By P. Michael Saint, Chairman and CEO, The Saint Consulting Group
The competitive landscape is changing. Increasing government laws and regulations make it possible for some firms to win while their competitors lose, by expanding the competition beyond the traditional boxes. See Wharton Business School Professor Richard Shell’s outstanding book, Make the Rules or Your Rivals Will.
These days competition is not limited to price, product, service and marketing. The playing field has expanded. In many industries, the field now includes using governmental zoning, planning and environmental rules and regulations (not to mention intellectual property laws and other regulations) to give one firm an advantage over competitors.
In the old days, people welcomed all new development. New stores meant new jobs, new taxes and new progress for a community. City Hall’s response to a proposed real estate development was often, “when do you want the mayor at your ground breaking ceremony?”
But over the years, anti-growth, anti-sprawl, and pro-smart growth movements have spread across the country. Citizens have become advocates for protecting the environment and historic sites and stopping new construction that will add to increasing traffic jams.

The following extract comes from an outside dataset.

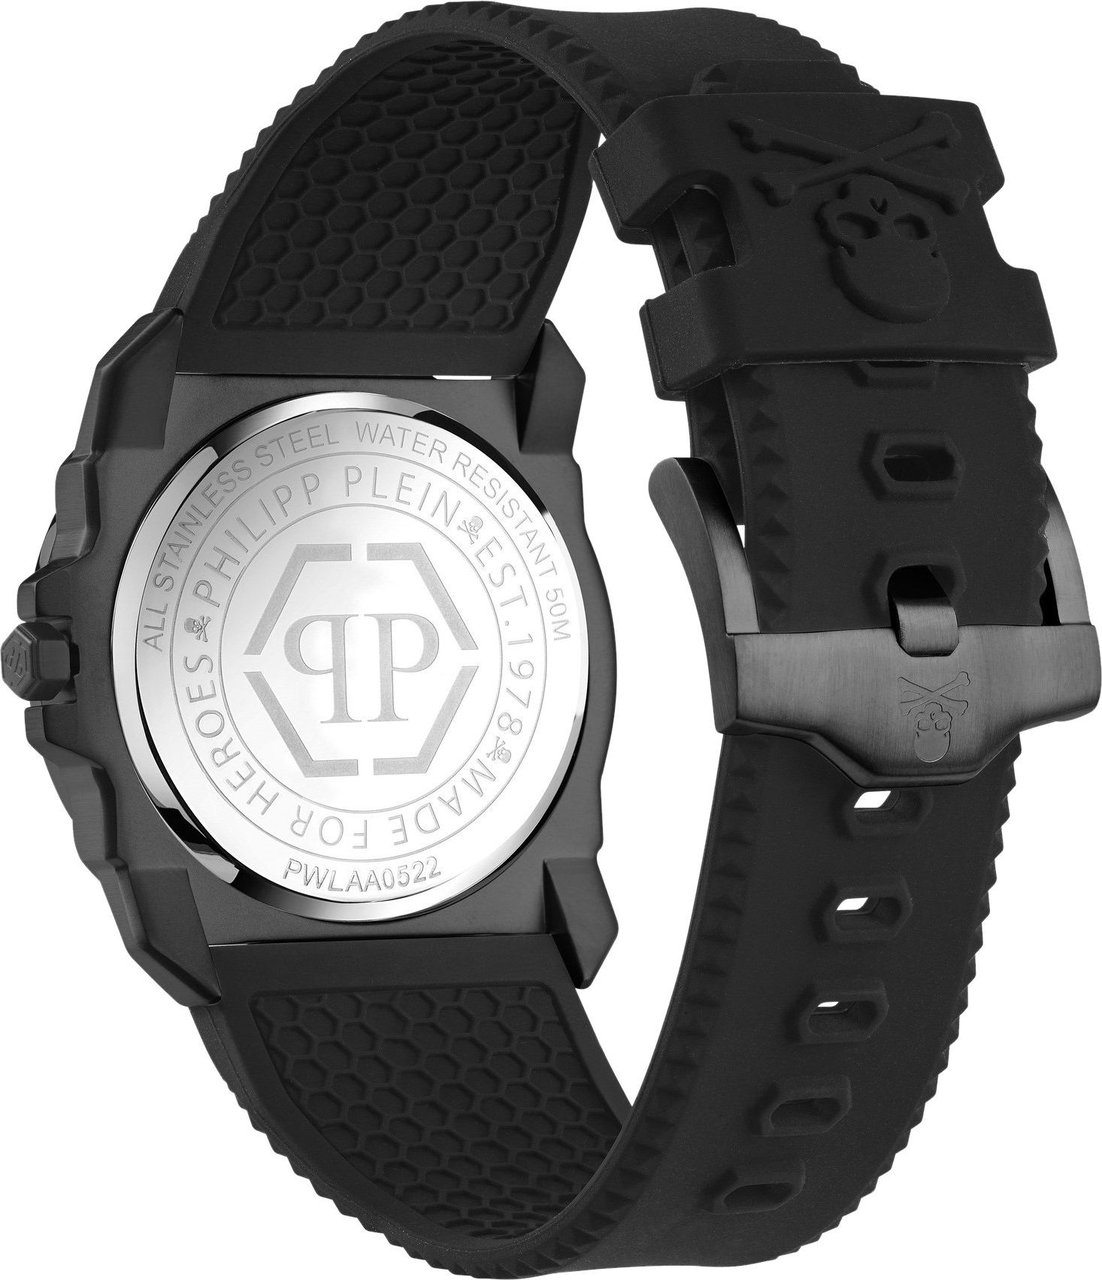 Philipp Plein PWLAA0522 The $kull King horloge 40 mm Zwart
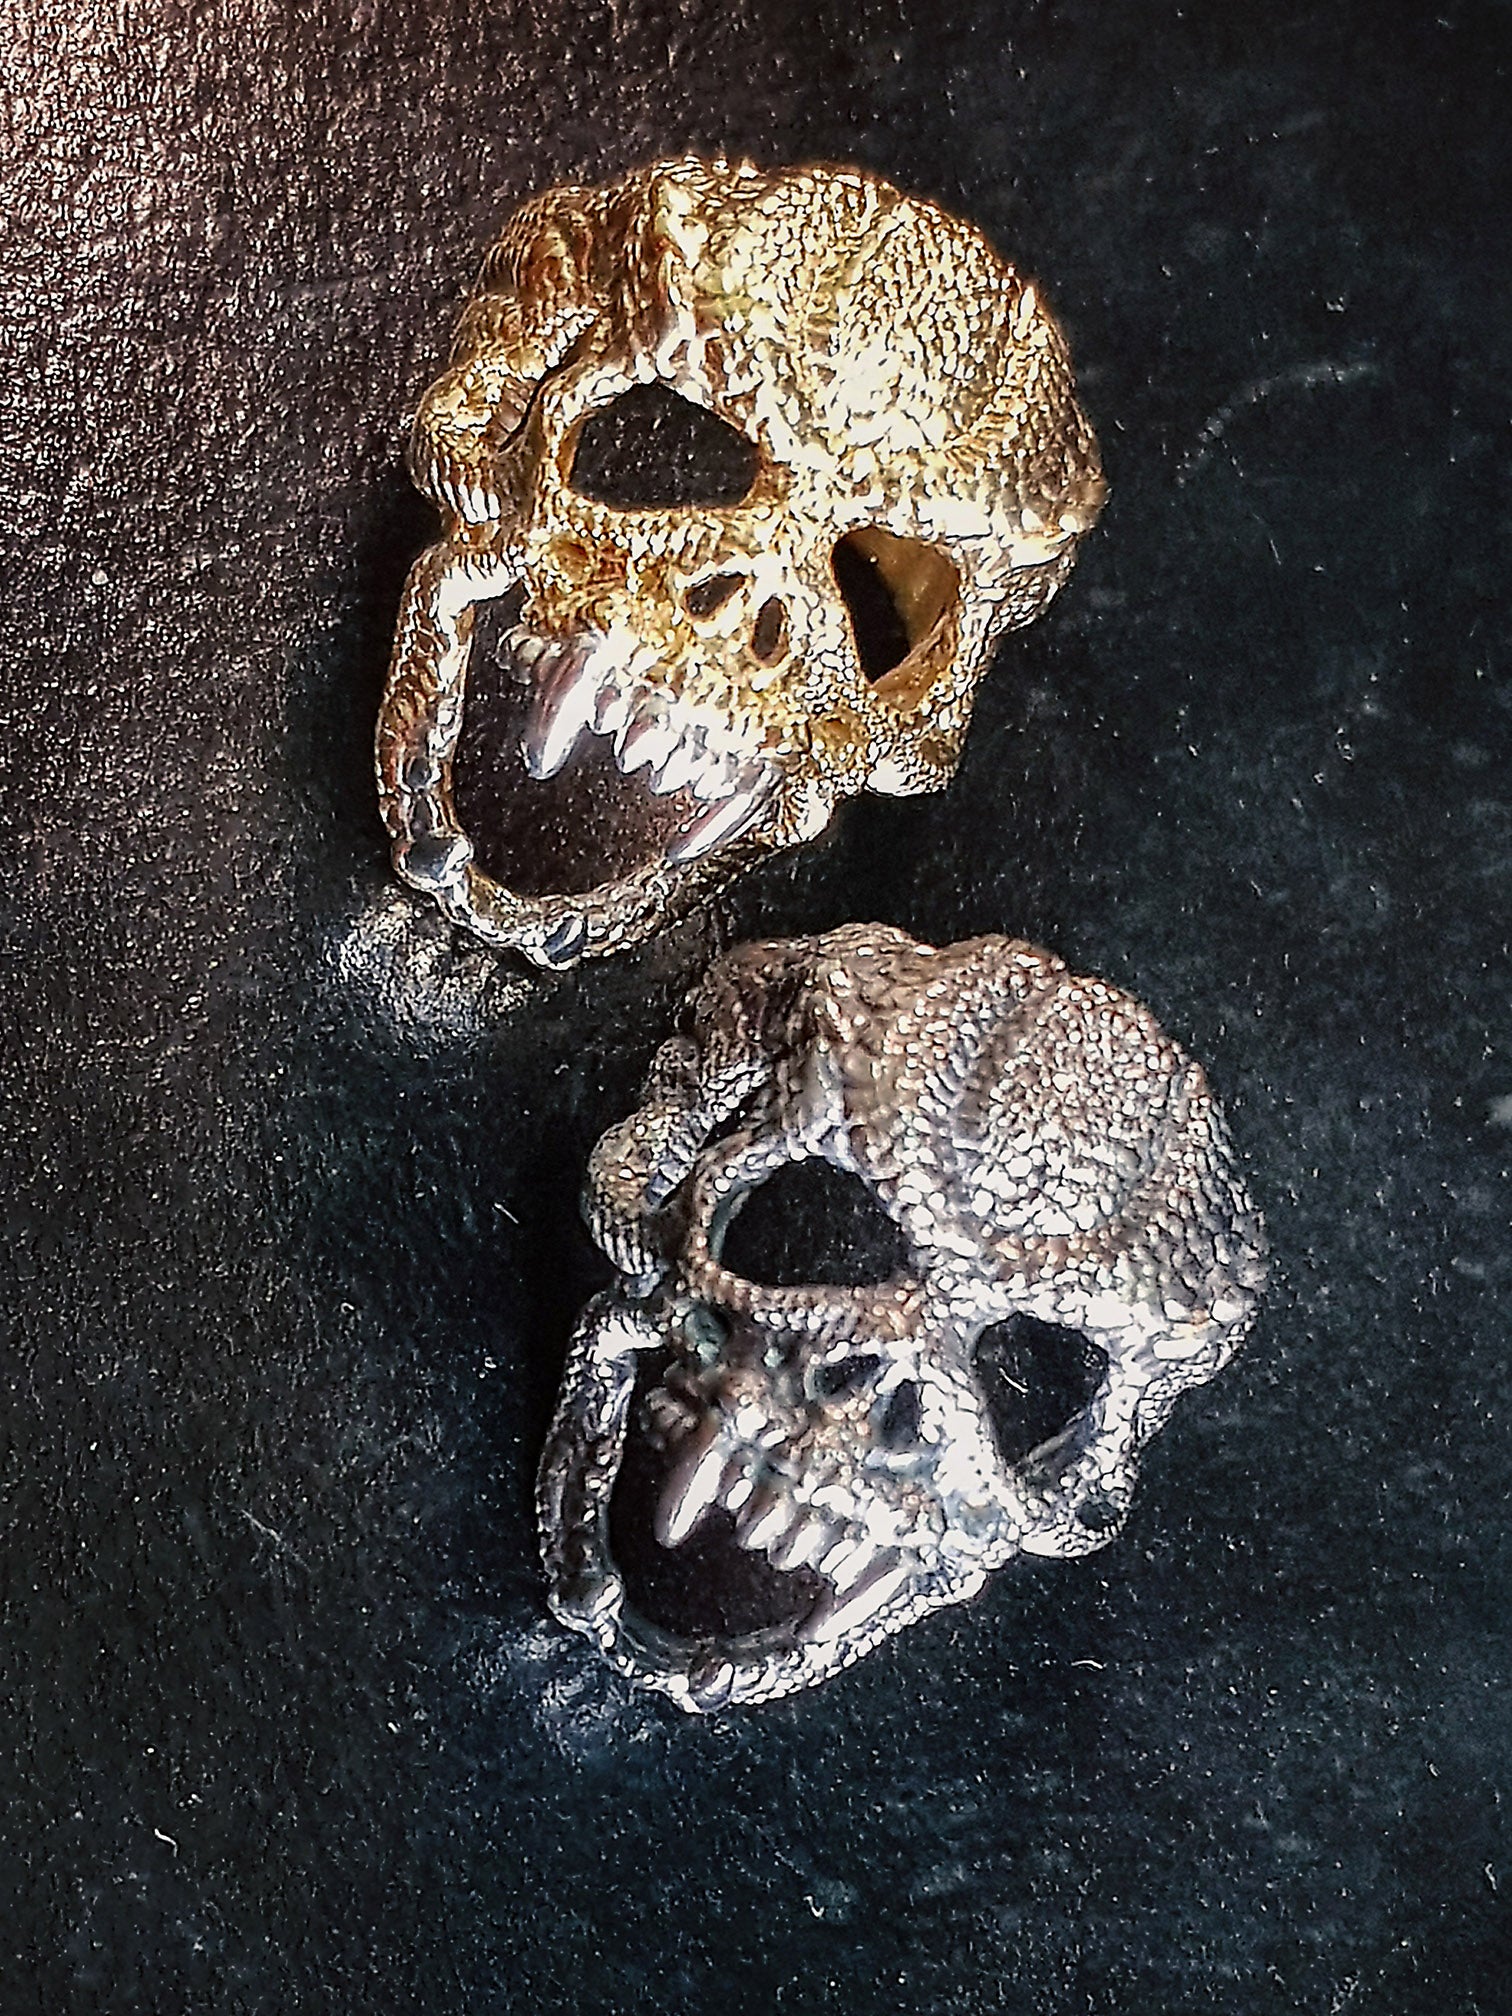 Nāga Skull Ring | 925 Silver

These trends have opened the door to incumbent firms to influence local zoning and planning decisions in a way that protects their multi-million-dollar investments from competing entrants.
By helping neighbors and environmentalists encourage local officials to keep out new development (and Saint Index® polls show 74% of Americans want nothing new to be built in their communities), they protect their own capital investments and protect their own gross margins.